WHAT NEEDS TO BE DONE: All pictures are to be dropped, and the remaining data set down exactly.

DATA PROVIDED:
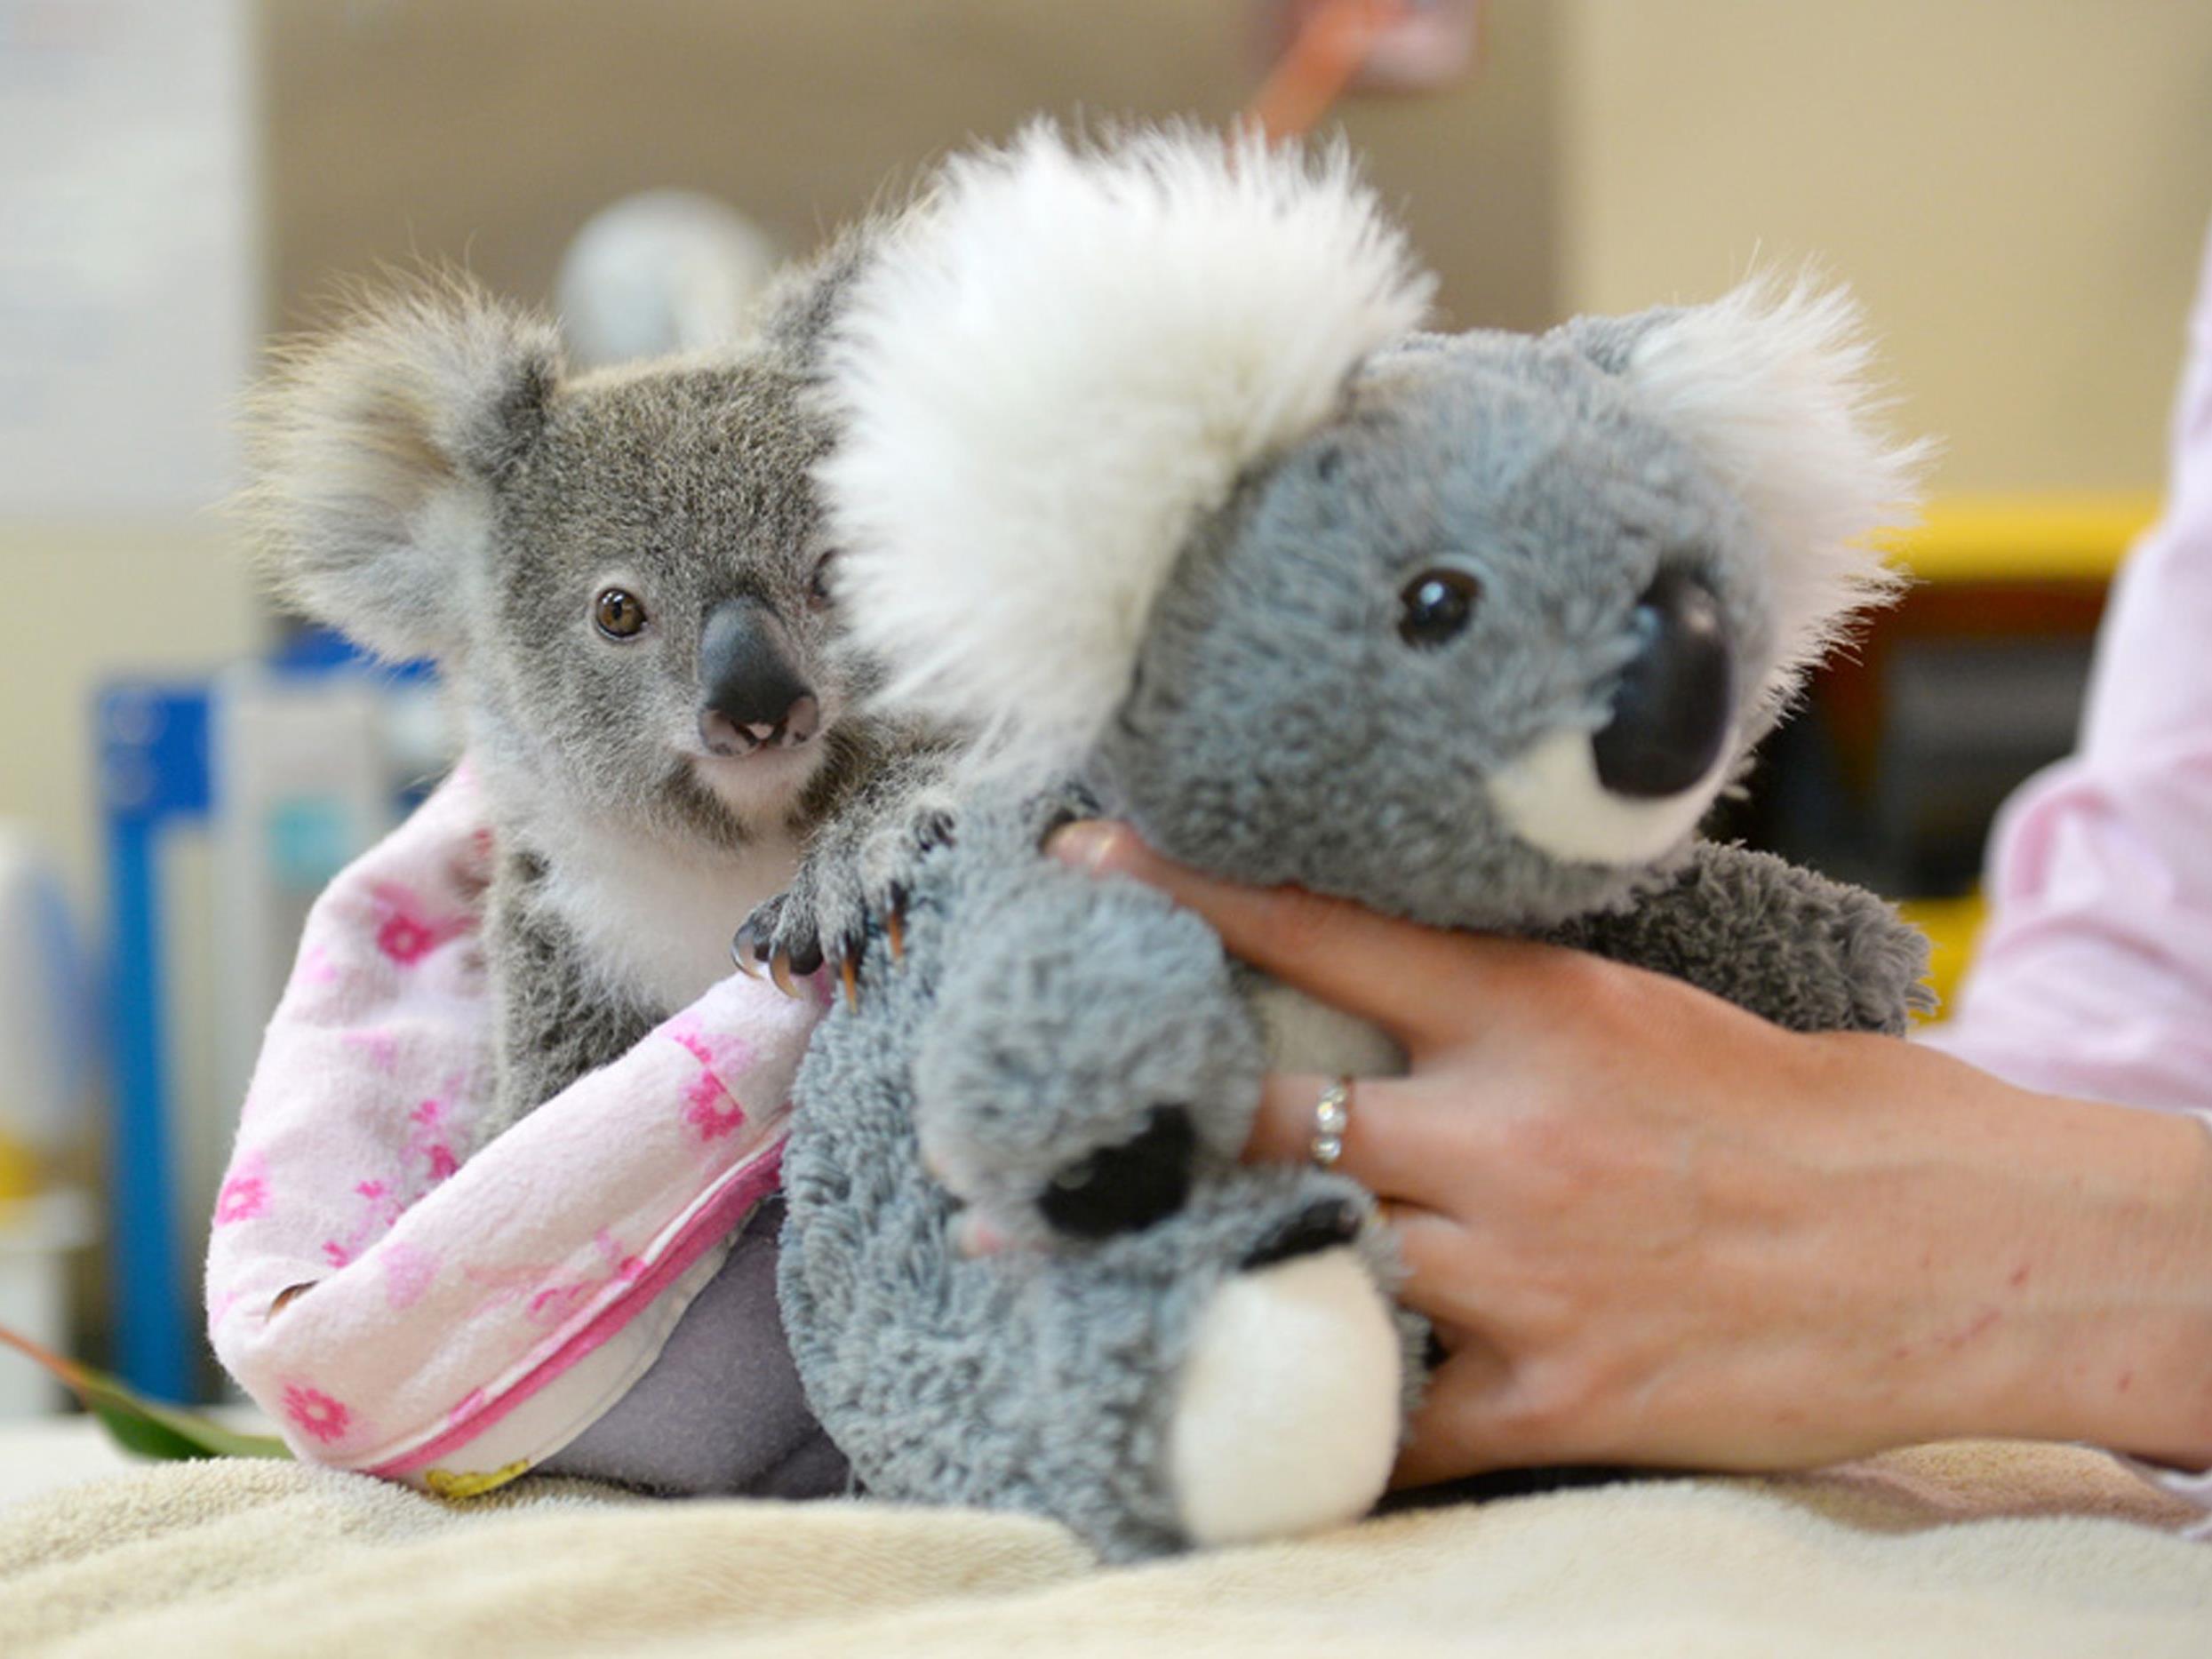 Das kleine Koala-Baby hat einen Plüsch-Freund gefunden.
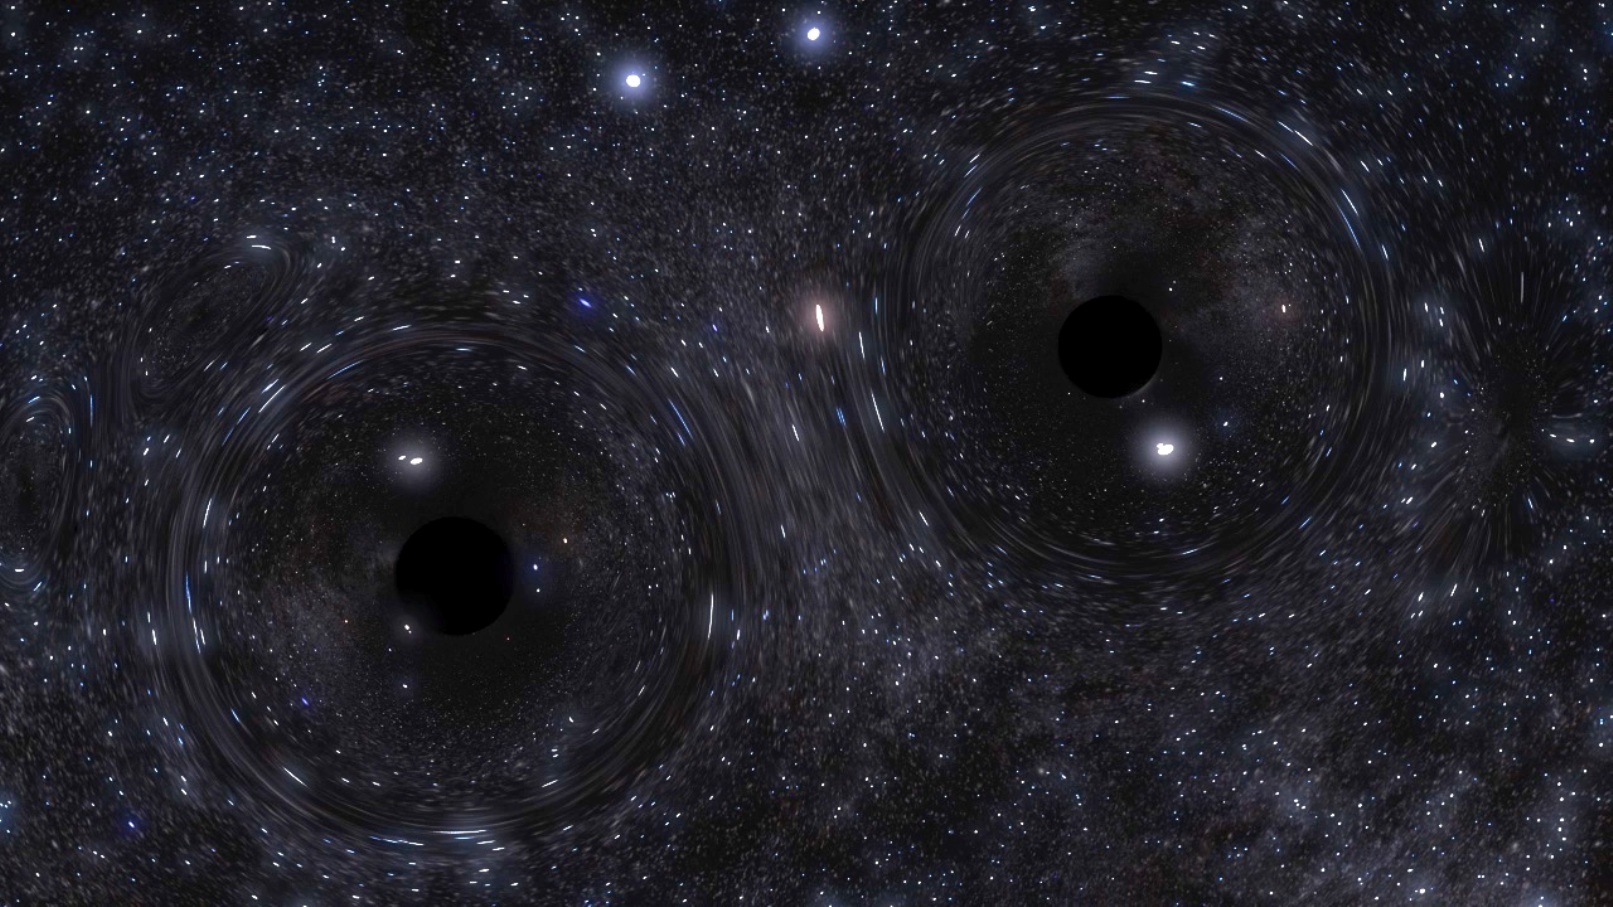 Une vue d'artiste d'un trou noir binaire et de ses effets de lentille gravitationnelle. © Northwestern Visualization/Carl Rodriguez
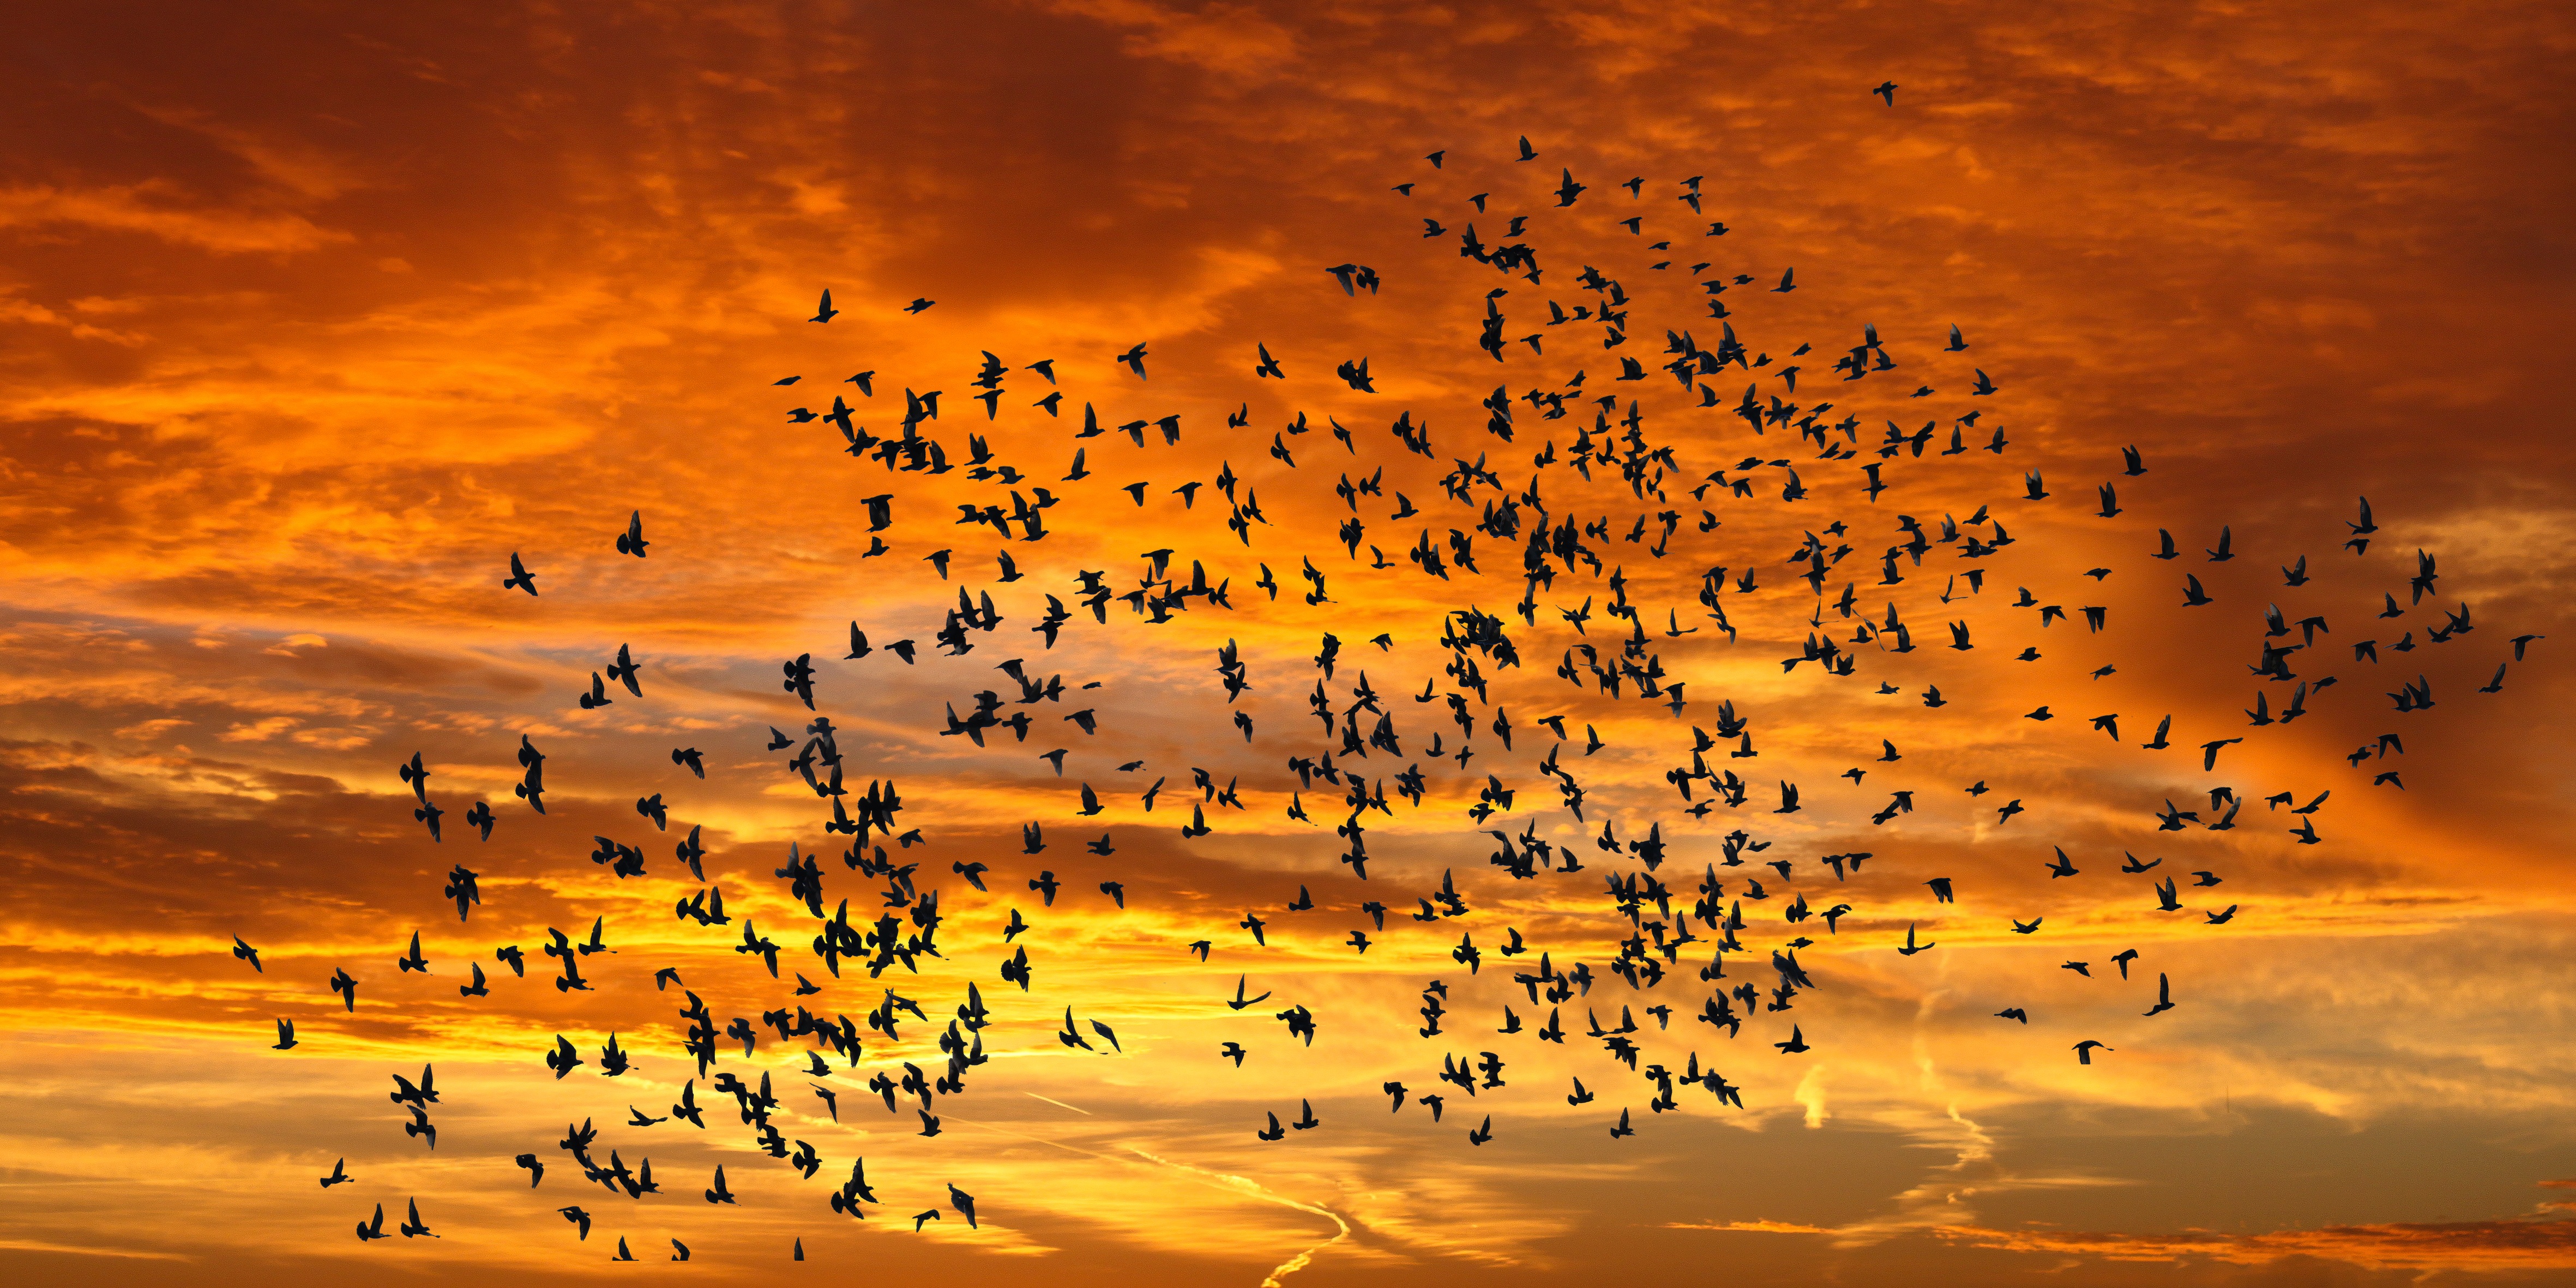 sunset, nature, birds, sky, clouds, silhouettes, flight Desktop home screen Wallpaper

RESPONSE TO THE TASK:
 Das kleine Koala-Baby hat einen Plüsch-Freund gefunden.
 Une vue d'artiste d'un trou noir binaire et de ses effets de lentille gravitationnelle. © Northwestern Visualization/Carl Rodriguez
 sunset, nature, birds, sky, clouds, silhouettes, flight Desktop home screen Wallpaper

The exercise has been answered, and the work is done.